For all their merits, personal computers are not especially understanding. Carol Espy-Wilson, ENG assistant professor of electrical and computer engineering, wants to do something about that.

This year, Espy-Wilson has received three grants, totaling more than $700,000, to support her development of technologies that facilitate communication. These include a device that will increase the clarity of speech produced through artificial larynxes and one that will help computers better process oral commands. Speech recognizers for computers are on the market already, says Espy-Wilson, but they are a lot more finicky than the one she hopes to design.

"Right now you have to train your recognizer -- read it some text so that it can get used to your voice," she says. "And then it works for you, but it doesn't work for the next person who comes along. It might not even work for you if you catch a cold. The challenge is to make one that's speaker-independent, that's able to recognize everybody."

Espy-Wilson is at work on an interpreting component that can remove what she calls "extralinguistic information" in order to feed the computer a preprocessed "knowledge-based speech signal representation." It will be the front-end piece of a sophisticated recognizer she is developing in conjunction with scientists at the Massachusetts Institute of Technology. Her portion of the project is underwritten by a three-year $200,000 grant from the National Science Foundation.

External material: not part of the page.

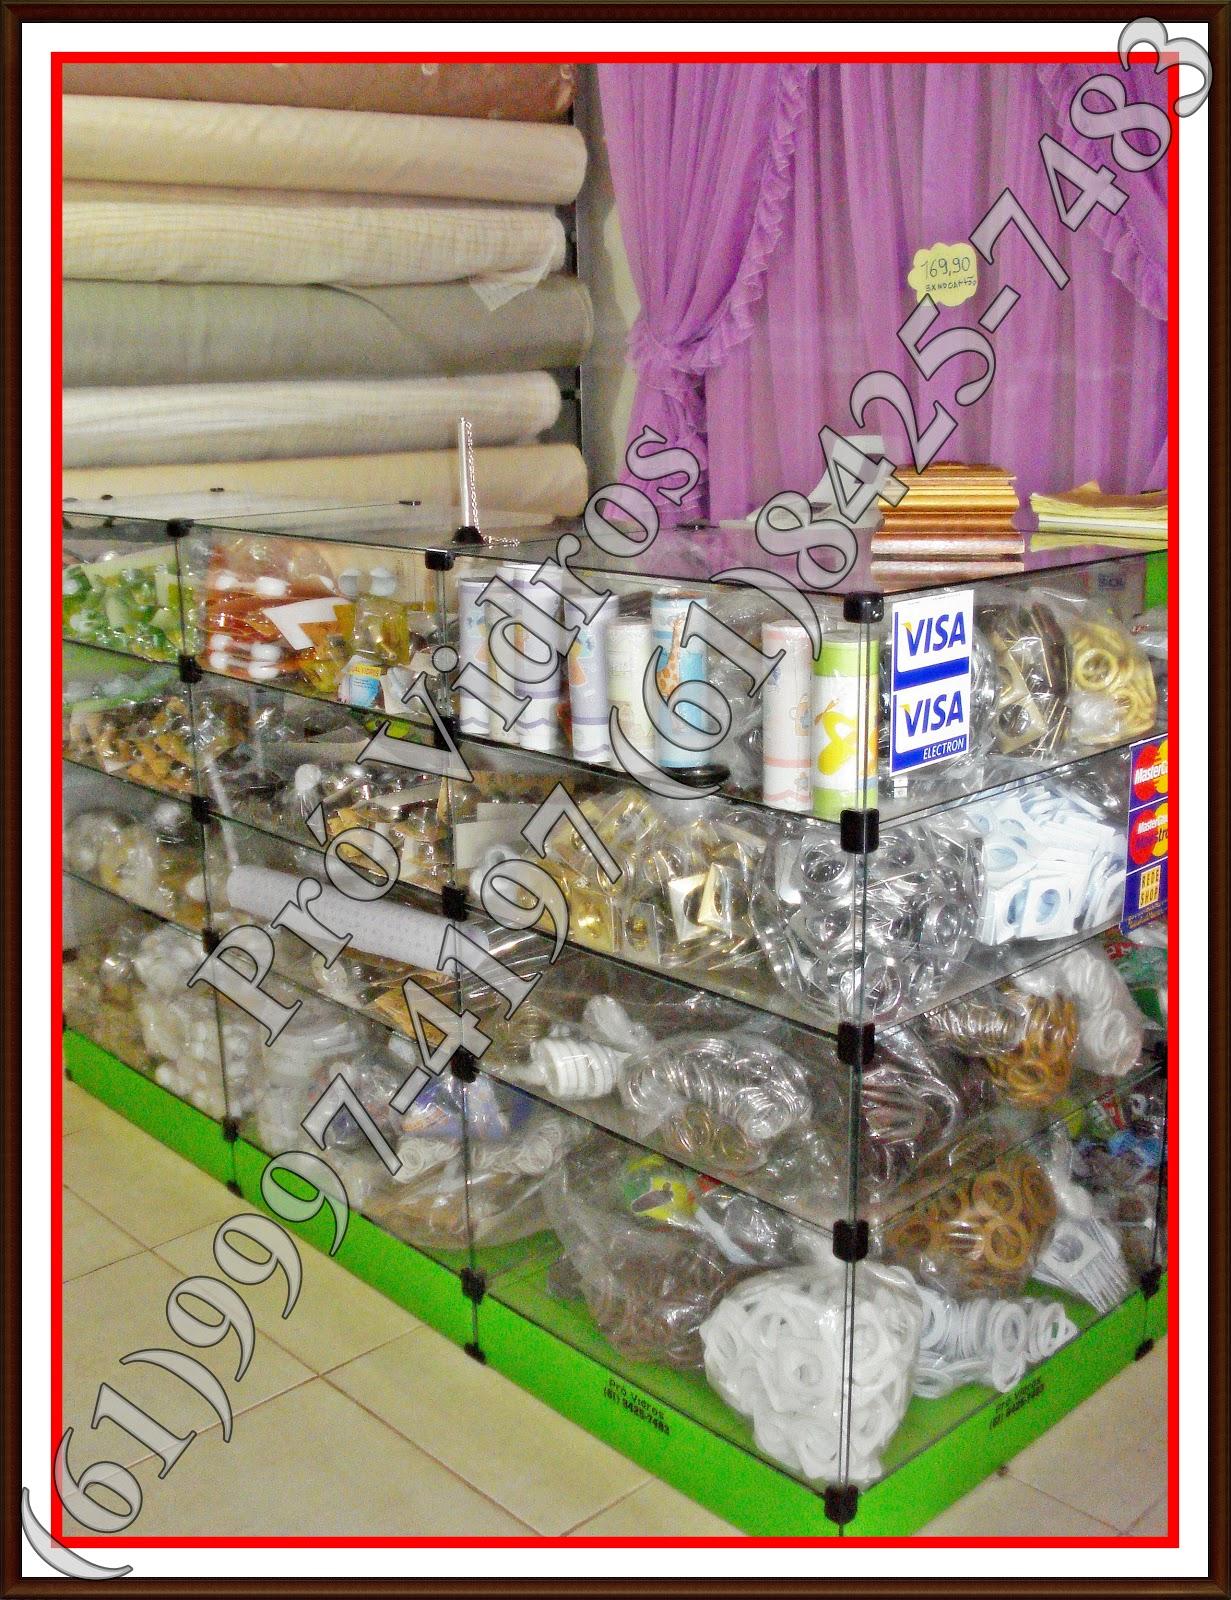 Imagens de #C10C0A  61 9612 6920 zap brasilia df tem a pronta entrega em brasilia no df 1231x1600 px 3552 Blindex Banheiro Df

Two other substantial awards, both from the National Institute of Deaf and Communicative Disorders, a subdivision of the National Institutes of Health, will provide further support for Espy-Wilson's work in the coming years. One, an Independent Scientist Award of over $330,000, is an investment in Espy-Wilson and her entire research program. The five-year grant allows her to devote approximately three-fourths of her professional time to research projects. The other is a two-year award earmarked for the development of a device to enhance artificial larynx speech. Its allotment to Espy-Wilson is just under $175,000, her portion of a Small Business Innovative Research (SBIR) grant she shares with a local corporation called Speech Technology and Applied Research (STAR). The grant's designation is Phase II; it is meant to extend and fulfill research Espy-Wilson and colleagues initially undertook several years ago.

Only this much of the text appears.